--- Records shown ---
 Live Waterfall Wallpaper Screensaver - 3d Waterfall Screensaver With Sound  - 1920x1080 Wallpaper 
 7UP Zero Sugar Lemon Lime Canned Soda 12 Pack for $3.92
---
--- Records shown ---
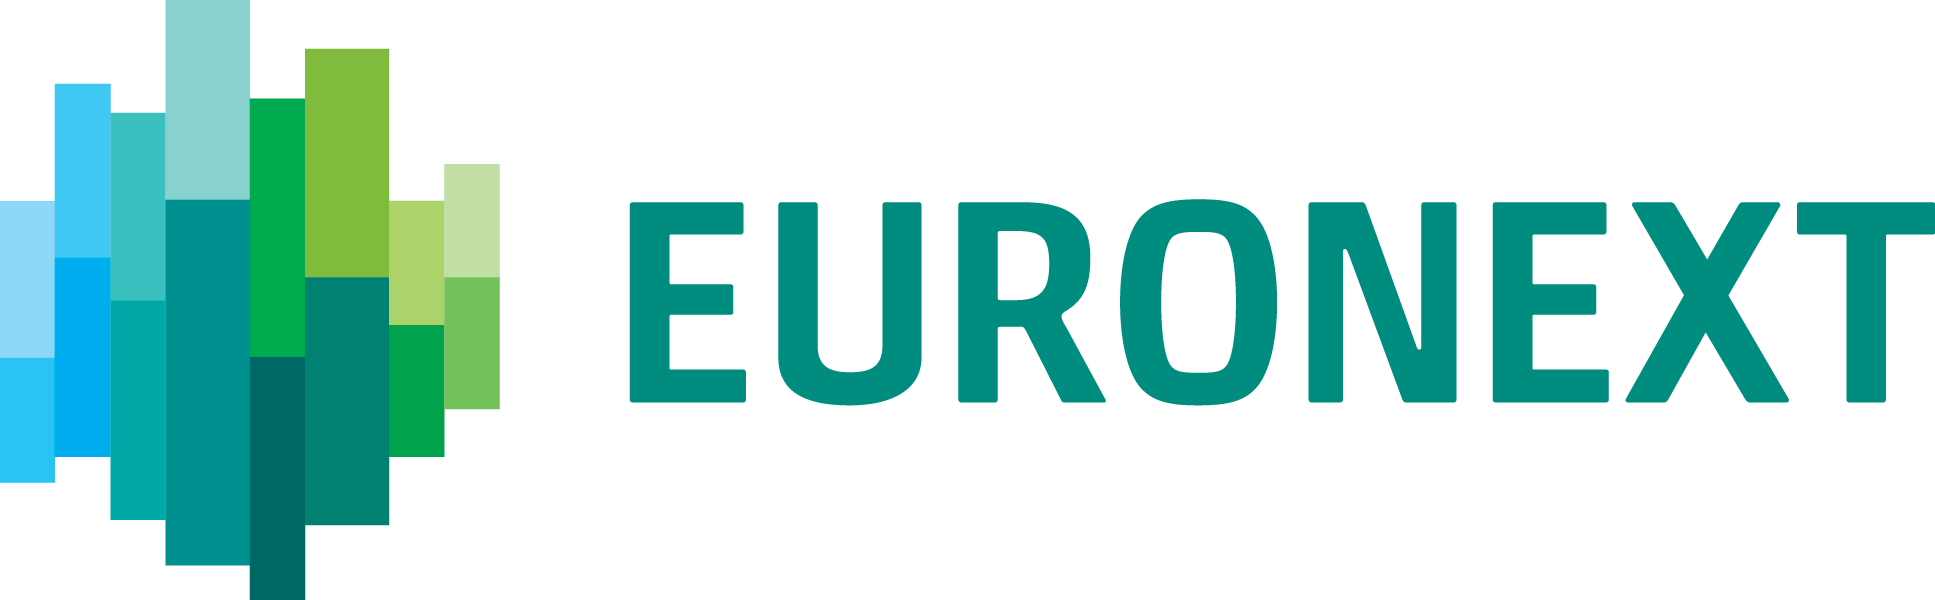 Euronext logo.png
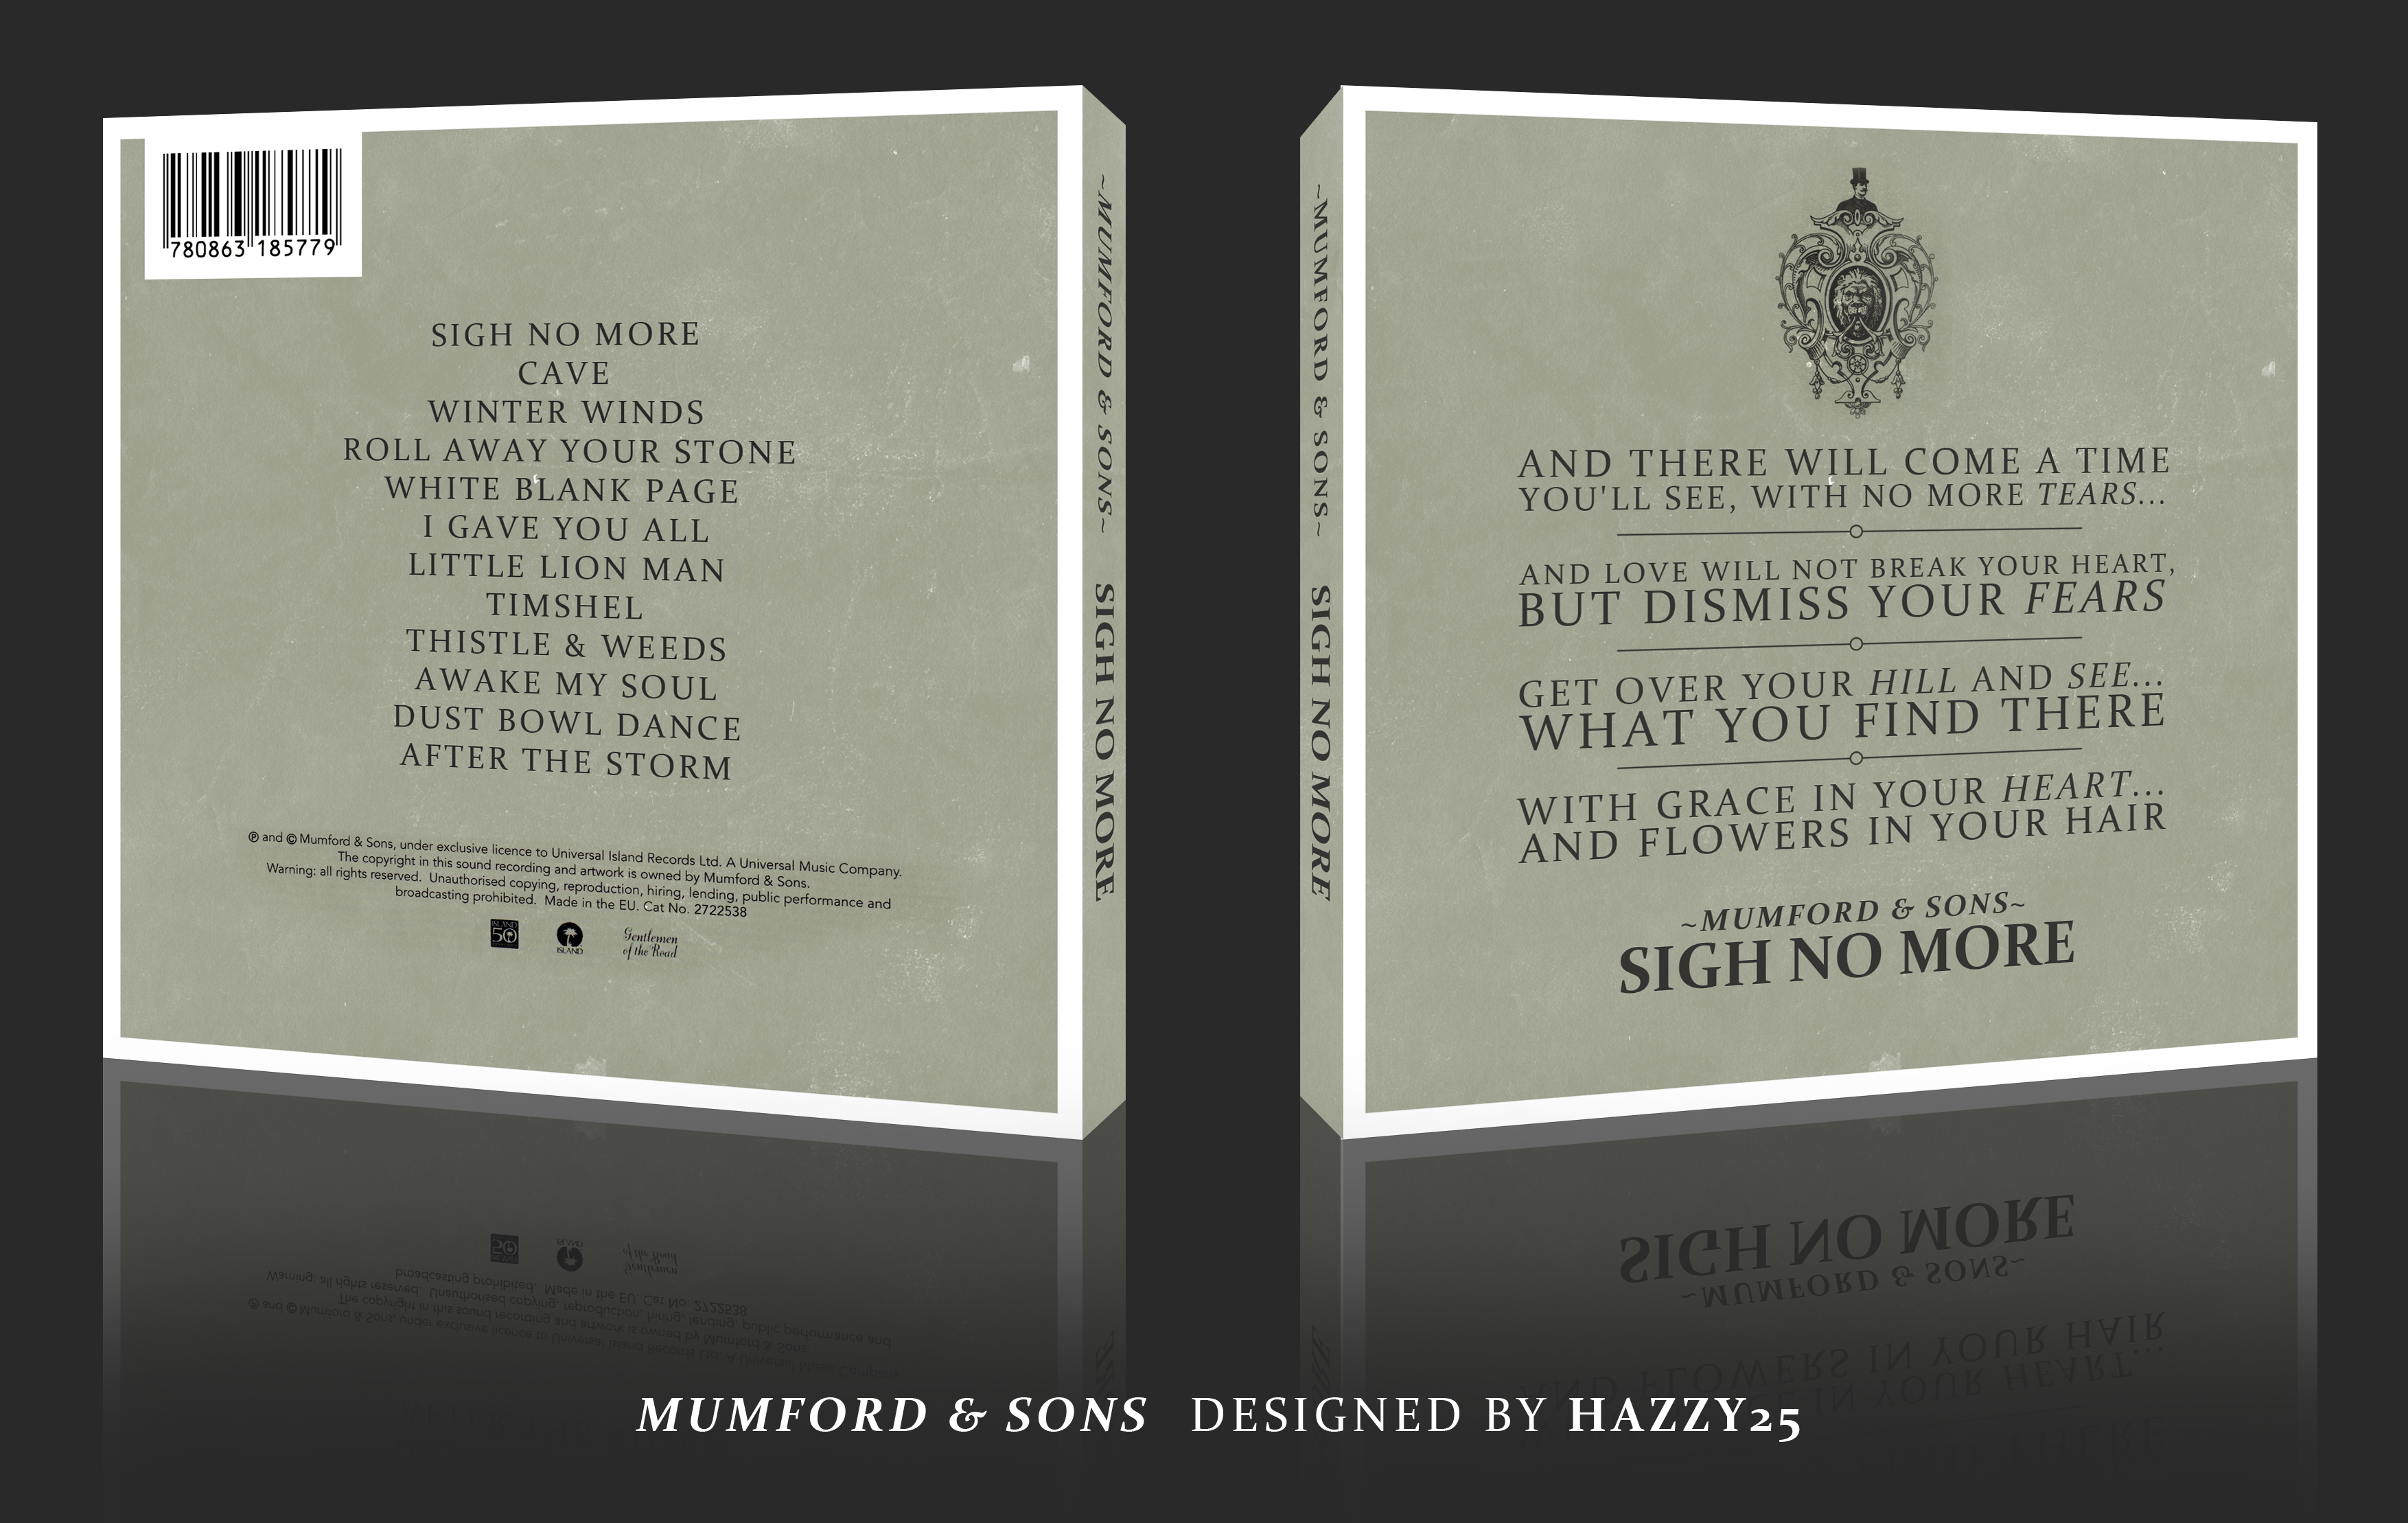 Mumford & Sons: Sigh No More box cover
---
## Aim of the exercise
Leaving out all pictures, set down exactly the lines of the material above, from the line with "Euronext logo.png" to the line with "Mumford & Sons: Sigh No More box cover" inclusive, and no others.

## Exercise output
 Euronext logo.png
 Mumford & Sons: Sigh No More box cover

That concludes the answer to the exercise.